What exactly are our children doing online? Watching kids unwrap toys on YouTube? Discovering weird new dances on TikTok? Sending selfies on Snapchat?
A 37-year-old mother decided to find out. As part of the research for her work (she works for BARK, a child monitoring app for parents and schools), she took to Instagram in disguise as an 11-year-old girl. How many online predators this attracted is just shocking!
What are our children doing online?
The mum outlines her experience in MEDIUM, as she transformed into Bailey – an 11-year-old student wearing glittery nail polish, a hoody and scrunchies on her wrist.
The picture posted to Instagram was “a generic, innocuous selfie of Bailey with an ear-to-ear smile”.
It was captioned, “V excitedd to see my friends this weekend at Carly’s party. ILYSM!!” #friends.
The photo is blurred so we can’t see exactly what ‘Bailey’s’ face looks like. But this isn’t the point. As far as the world is concerned, Bailey is 11.
The majority of 11-year-olds are still prepubescent. Menstration hasn’t started and they’re generally not yet wearing bras that are categorised by letter-and-number sizes. Their hobbies and interests vary, but largely they’re not thinking about sexual relationships or sex organs or sex at all.
But their predators are.”
Over the course of one week, over 52 men reached out to the 11-year-old girl
52 men.
Almost immediately after sharing a photo on Instagram, Bailey had three new requests for conversations.
As ‘Bailey’ explains, they all started the same way – telling her she was beautiful, asking her how long she’d been a model, asking if she had a boyfriend.
Within 5 minutes another online predator @ XXXastrolifer is sending Bailey a video of himself masturbating.
Another instagrammer, @ XXXthisguy66, is talking blow jobs and sex, sending pictures of his erect penis, and requesting naked photos back.
By the end of two-and-a-half hours, I’ve had seven video calls, ignored another two dozen of them, text-chatted with 17 men and seen the genitalia of 11 of those.
I’ve also fielded (and subsequently denied) multiple requests for above-the-waist nudity (in spite of being clear that Bailey’s breasts have not yet developed) and below-the-waist nudity.”
This is terrifying, right? As a mum with a 9-year-old daughter and an 11-year-old son, it makes me want to throw their devices in the ocean.
Youth digital engagement platform Year13 recently shared that teens are spending upwards of three hours per day on social media according to their latest ‘What Gen Z Actually Do Online’ report.
But could these kinds of sick exchanges really be happening to our kids? And how can we make sure it’s not?
Here are 9 easy ways to protect your children from online predators
- Communicate with them regularly – Find out who they’ve been interacting with on their smart devices and games. Ask them what people are talking about at school.
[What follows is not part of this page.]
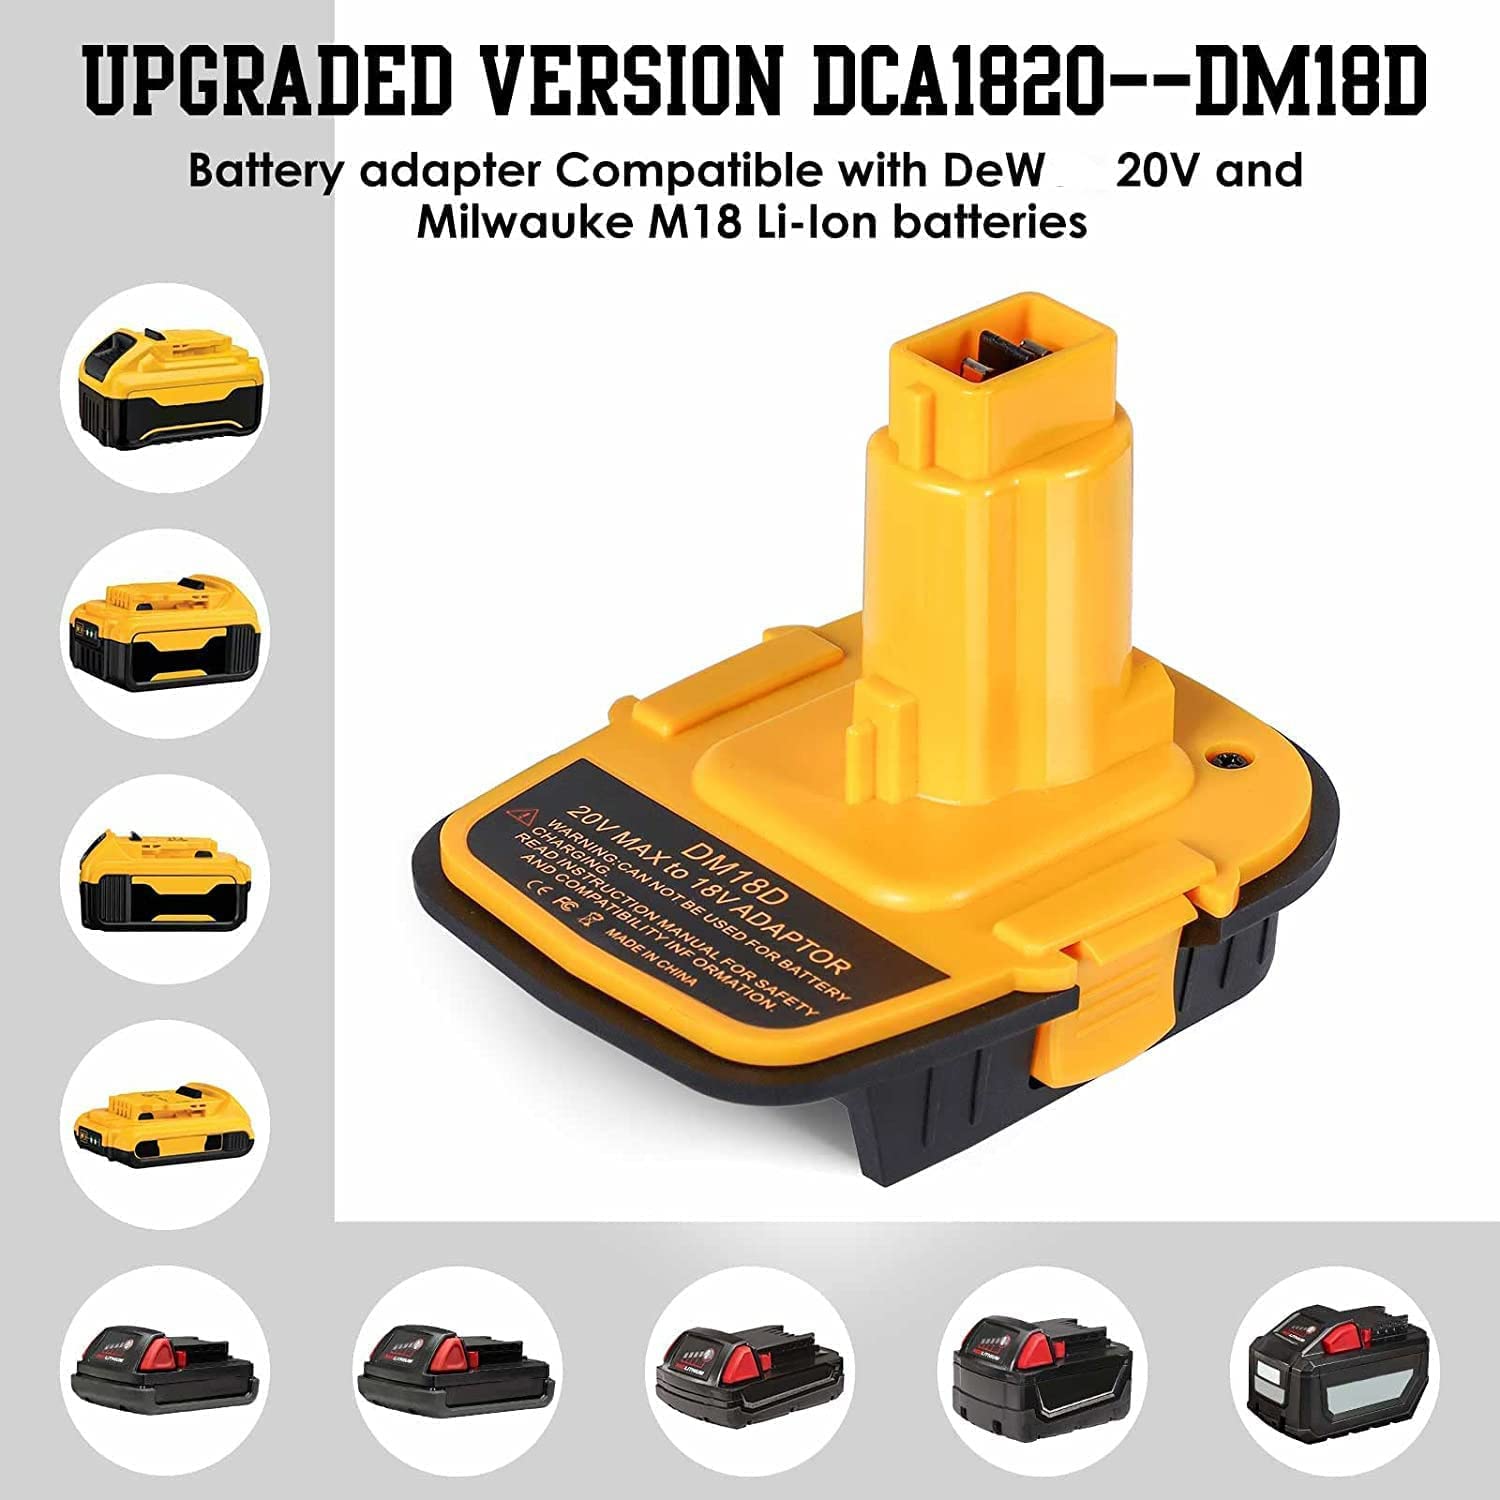 ბატარეის ადაპტერი DM18D USB პორტით

- Check their devices – If you’re worried they’re in danger, as a parent you have a right to look at their phone messages and apps. Even if they’re angry with you, it could be necessary.
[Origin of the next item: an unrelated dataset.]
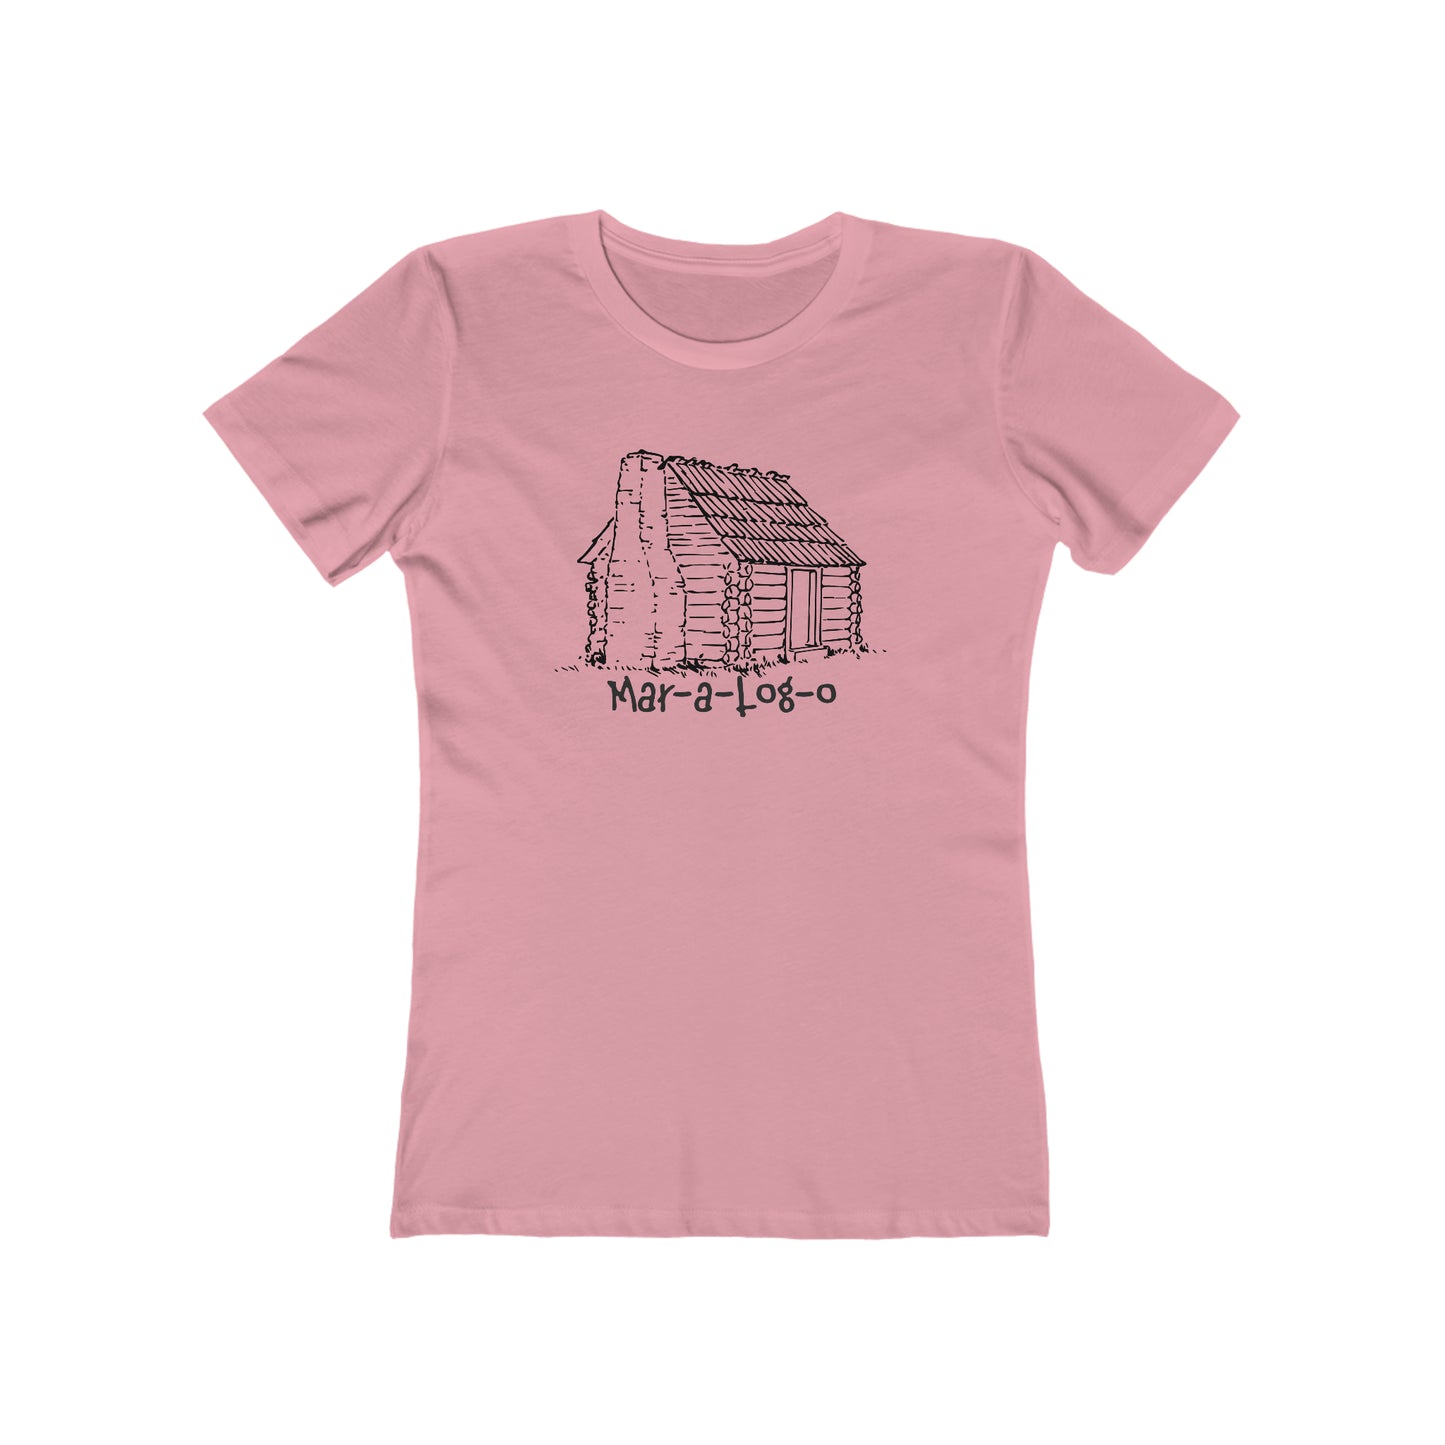 Mar-a-Log-o - Women's T-Shirt

- Supervise and limit devices – Nothing replaces parental supervision and education for kids about cyber safety.
- Choose age-appropriate social media – If you don’t know about, understand or have your own account to the requested app, you need to tick all these boxes before you let your child have it!
- Be your child’s friend – Whatever platform(s) you decide are suitable for your child make it a rule that they must be your friend or connection.
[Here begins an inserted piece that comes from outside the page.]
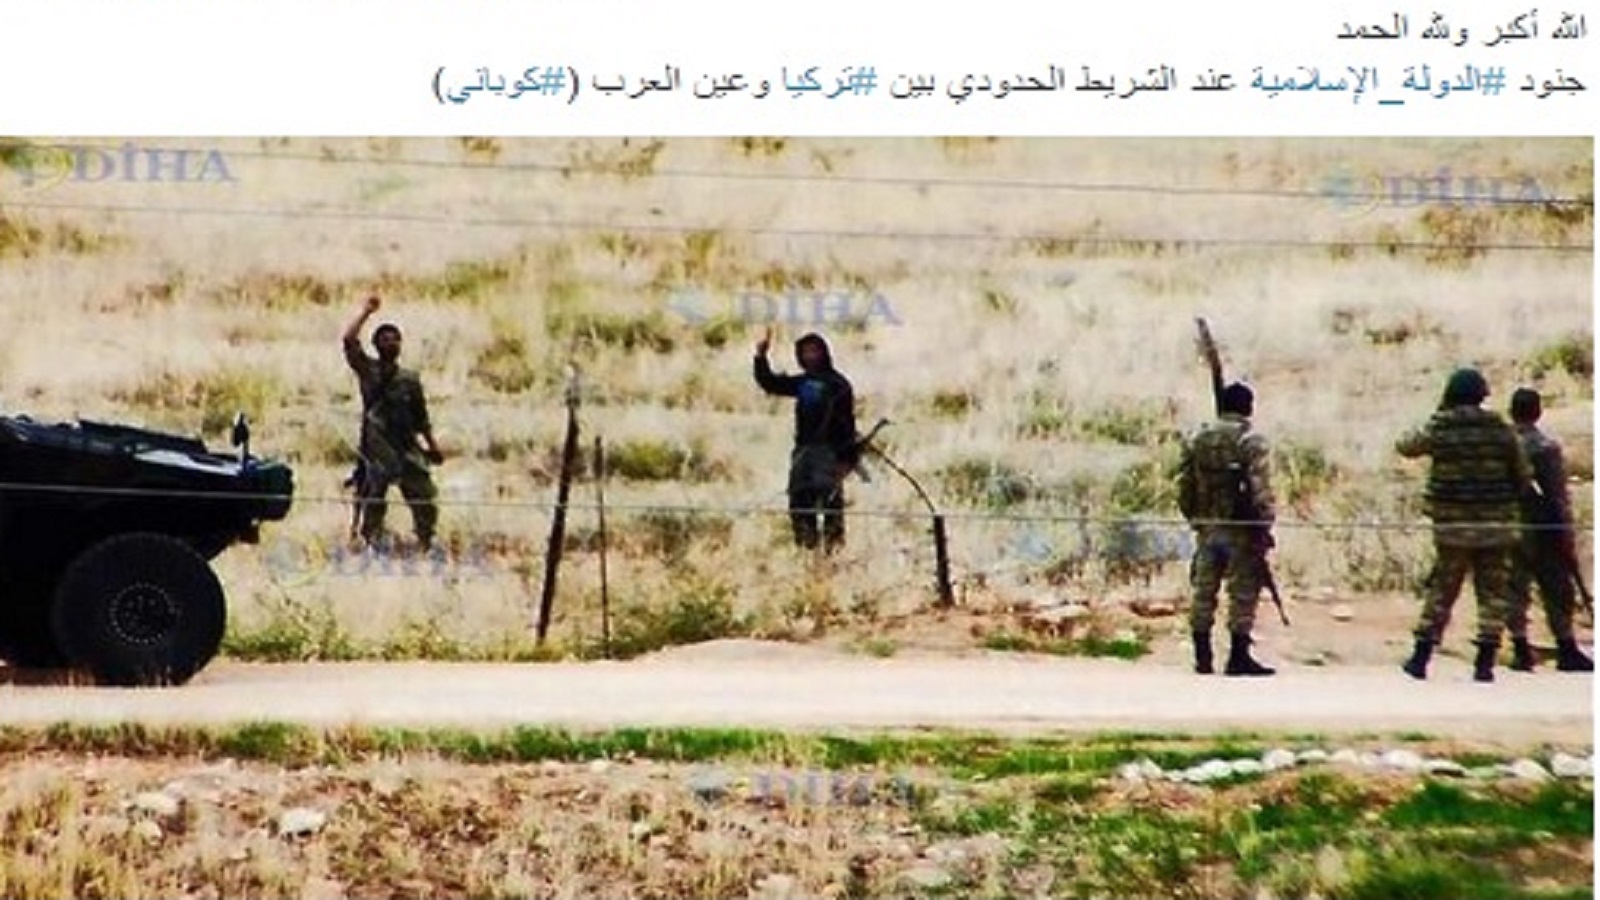 مقاتلين لـ"داعش" على الحدود السورية - التركية (عن مواقع مؤيدة للتنظيم)

- Promote the STOP, BLOCK, TELL Rule – If someone messages or emails content that’s threatening, explicit or rude, this is the process that should be adhered to. Firstly the child must stop responding and then block the person or people sending the content. It is imperative the child then tells a trusted adult what has happened.
- Teach them the concept of privacy – Remind your child to never give out personal information such as their home address, school name or telephone number in a public message such as chat or newsgroups.
- Set rules for technology use – Having clear boundaries about technology use, in a positive and respectful way, will assist in keeping honest communication lines open and technology use safely contained.
- Understand you will need to evolve – As your child grows, how and why they are online will change. Your knowledge of what they are using needs to evolve, literally, as they grow.
Likely the rules you applied to them as a 7-year-old will be vastly different from that of a 10 or 15-year-old. Be sure to stay abreast of what your child is using and show them the respect of adjusting the rules and expectations of them as they mature. The online predators are everywhere.